Alba Boustanji is a young artist currently living in Amsterdam and studying Fine Arts at Gerrit Rietveld Academie. Her work covers many mediums, including movement, performance, and painting. In her work, Alba uses improvisation to react to the clash between humanity and the natural world. Through this process she allows the subconscious thoughts and feelings of the collective consciousness to emerge, resulting in abstract artworks which she then dedicates to nature. Recently her work has been reacting to the fast fashion industry, challenging fast-paced, consumer culture through elaborate, wearable, sculptures made from recycled materials. Subsequently, she performs in these pieces, creating a new discussion on the way we relate our bodies to both the materials on, and surrounding it.

        
         

1. How does a new artwork begin for you? What inspires you to make something?

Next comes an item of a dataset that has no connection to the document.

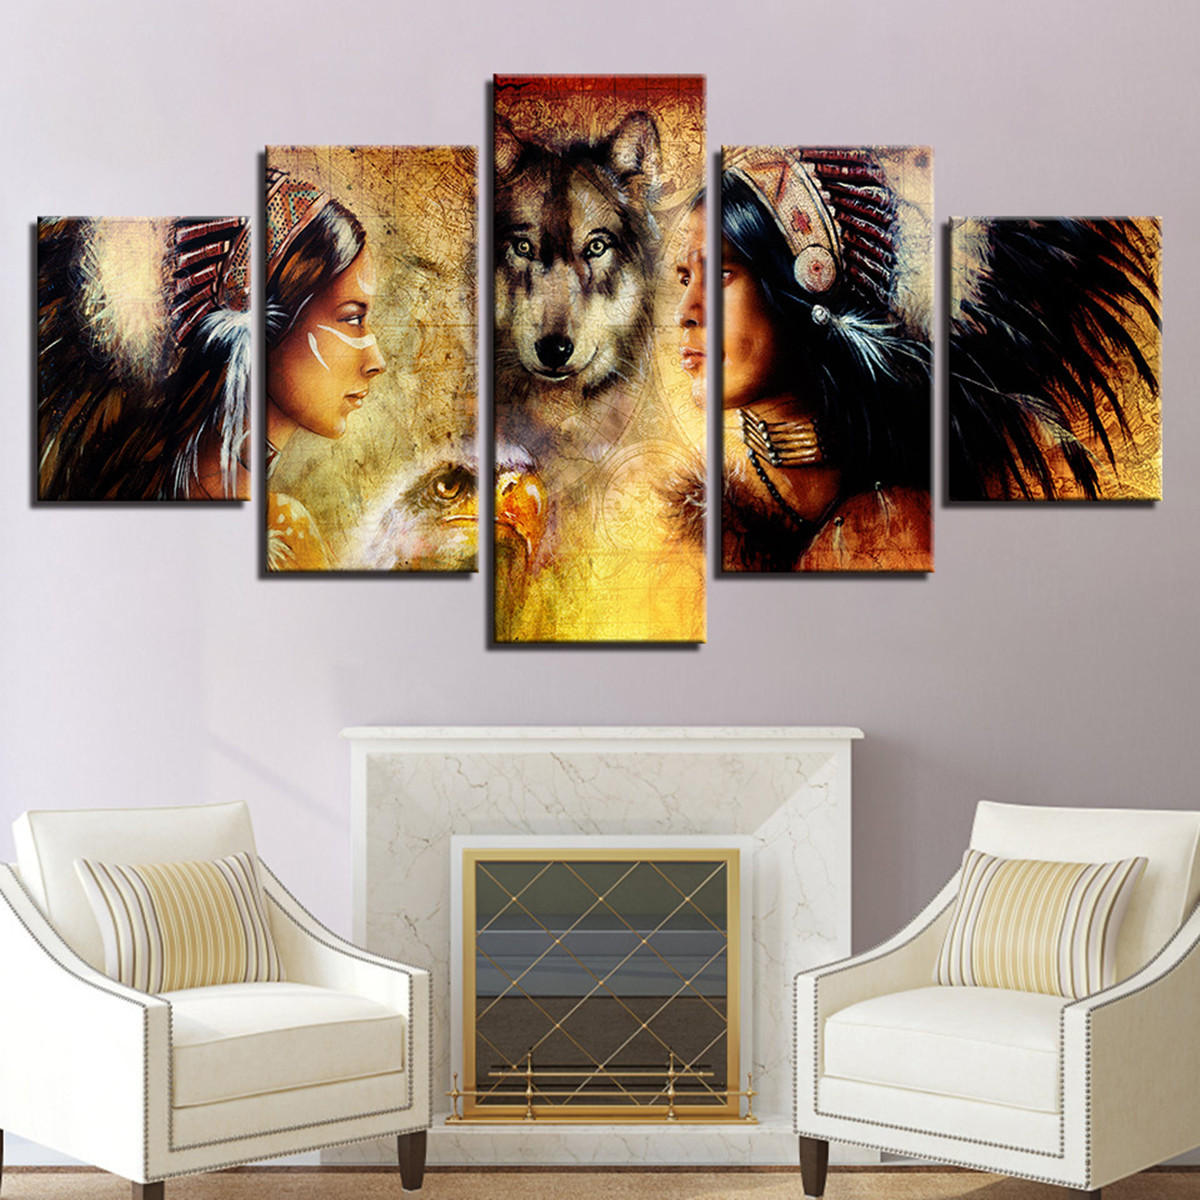 

5Pcs Set Wolf Modern Canvas Print Paintings Wall Art Pictures Home Decor Unframed

All begins with an idea in my mind about a certain situation, story, or thing I want to research. I take this as a starting point and start excavating my imagination. The process of making and researching the objects and actions I have in my mind is how I get to know the idea. As I delve deeper into making and researching it, the original image is brought to life. From this process I find out what wants/needs to stay and what will evolve, or merge, into something else. My process is very organic, with sometimes multiple ideas growing at once. Often things end up merging or influencing one another. In many ways, my creative process is deeply linked and inspired to nature. My art grows from a seed and is heavily influenced by the world around it, sometimes things become messy and tangled, or sometimes they know exactly where they need to go, no two projects are the same and eventually, like all life, they all come to an end.

                    

2. In your practice, and for your performances, you create wearable items made of recycled materials which act as a protest against fast fashion. How do you understand the intersection of art, fashion and sustainability? In your opinion, what is the future of sustainable fashion?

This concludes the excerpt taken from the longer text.